Es kotzt mich einfach an, wenn sich Menschen vor mir aufbauen, die ich entweder kaum kenne oder kennen möchte und dann folgende Wortgruppe auf mich „erbrechen“: „Du Proll!!!“ Ich möchte mit diesem Artikel versuchen meine Gedanken zum Thema „Spaßproletenkultur“ so plausibel wie möglich zu erläutern.

Als das grobe Konzept von diesem Artikel meinem Mitbewohner vorlegt wurde, erntete ich gleich das Lob: „Klingt ganz schön nach verletzter Eitelkeit!“ Es ist überhaupt nicht mein Anliegen, die verehrte Leserschaft mit Halbproblemen zu belästigen. Ich halte diesen Eitelkeitsvorwurf sowieso für ein Totschlagargument, da jegliche Reaktion einem „getroffene Hunde bellen“ – Statement gleich käme. Ich versuche nur mich so sachlich wie nötig an mein Problem, welches ich für publikationswürdig halte, heranzuwagen. Übrigens erfuhr ich in diversen Einzelgesprächen, dass viele Freunde im RSL-„Spaßproleten“-Freundeskreis die „gleichen“ Gedanken zu dieser Problematik hegen.

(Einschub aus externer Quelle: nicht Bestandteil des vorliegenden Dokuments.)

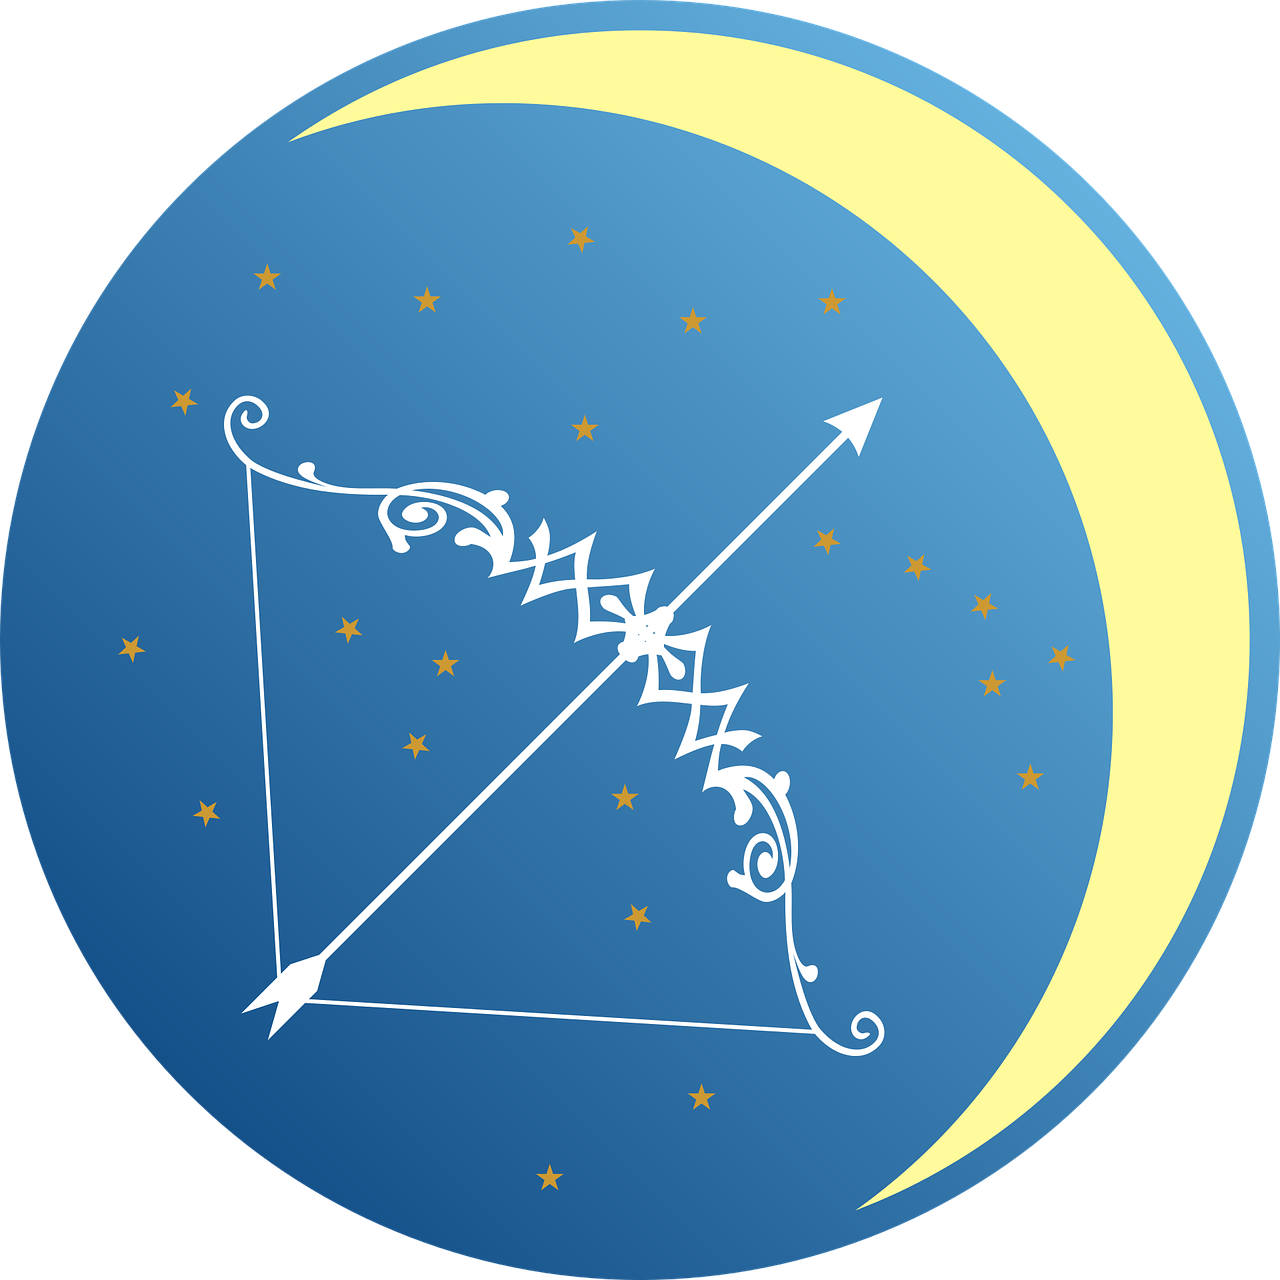 sagittarius-2288323_1280.png

Da in diesem Artikel nicht fünfhundert mal Proll stehen soll, möchte ich ein paar Begriffe gleich am Anfang – für das bessere Verständnis – definieren. Menschen die jeden Tag kopflos zur Schicht rennen, sind für mich Prolls. Dagegen sind viele Fußballer vom Roten Stern, die als Freizeitbeschäftigung die gesellige Alkoholvernichtung plus Prollen für sich entdeckt haben, Spaßproleten.

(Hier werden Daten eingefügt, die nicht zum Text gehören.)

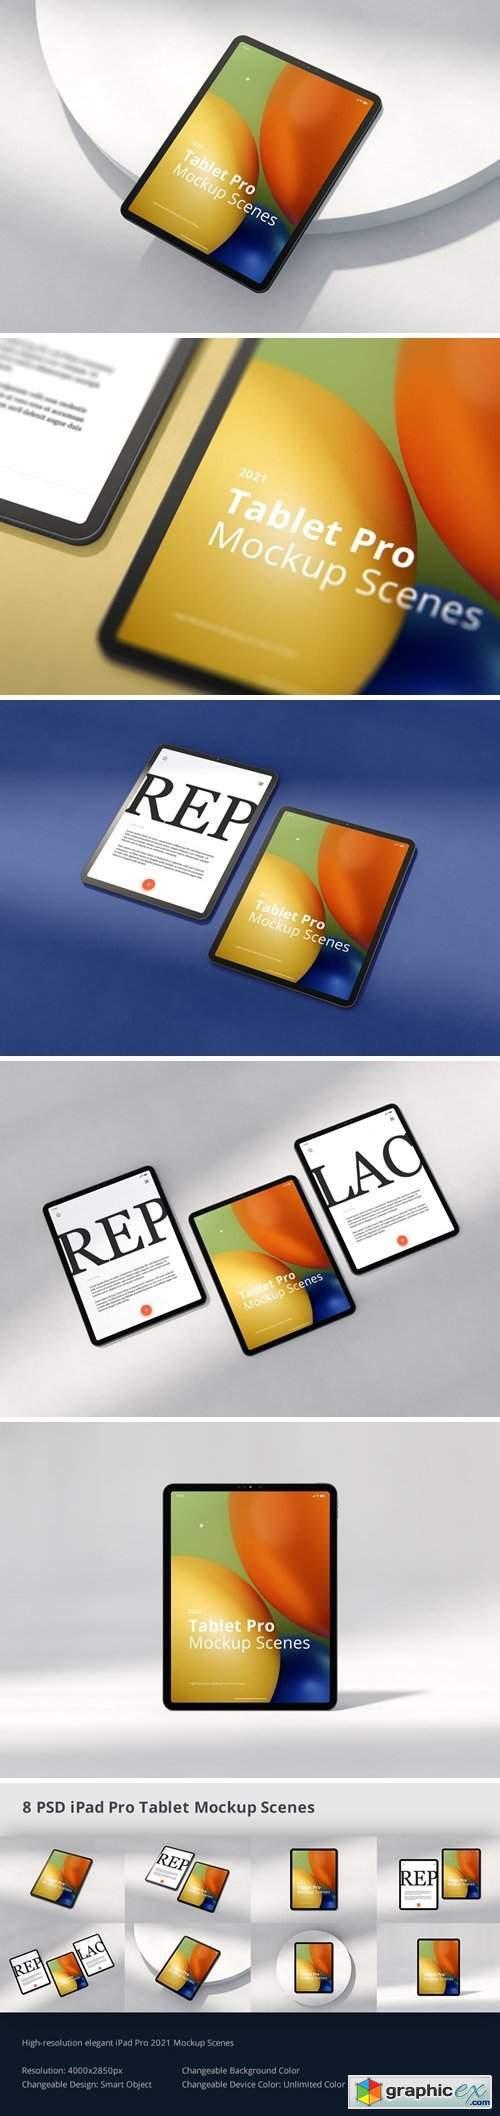 Tablet Pro Mockup Scenes 2021

Erst kürzlich schilderte eine junge Frau mir die Assoziation, die sie bei dem Begriff Fußball zieht: Prollsport. Wer Fußball nicht steril am heimischen TV-Gerät erlebt, sondern sich auf deutschen Fußballplätzen umschaut, wird dagegen kaum etwas sagen können. Da denke ich haben wir schon die Wurzel ausgegraben. Unser Roter-Stern-Freundeskreis, Ursprünge liegen im „Melk die fette Katze“-Umfeld, hat als konstituierendes Element den Fußball, mit all seinen positiven wie auch negativen Kern- und Begleiterscheinungen, gepachtet. Die Liebe zu dieser Ballsportart garniert mit einer gehörigen Punkrockattitüde - die Oi-Schiene nicht zu vergessen -, hat bei „uns“ Spaßproleten einen bizarren Humor entwickelt, dessen Ursache und Notwendigkeit später noch beschrieben werden soll.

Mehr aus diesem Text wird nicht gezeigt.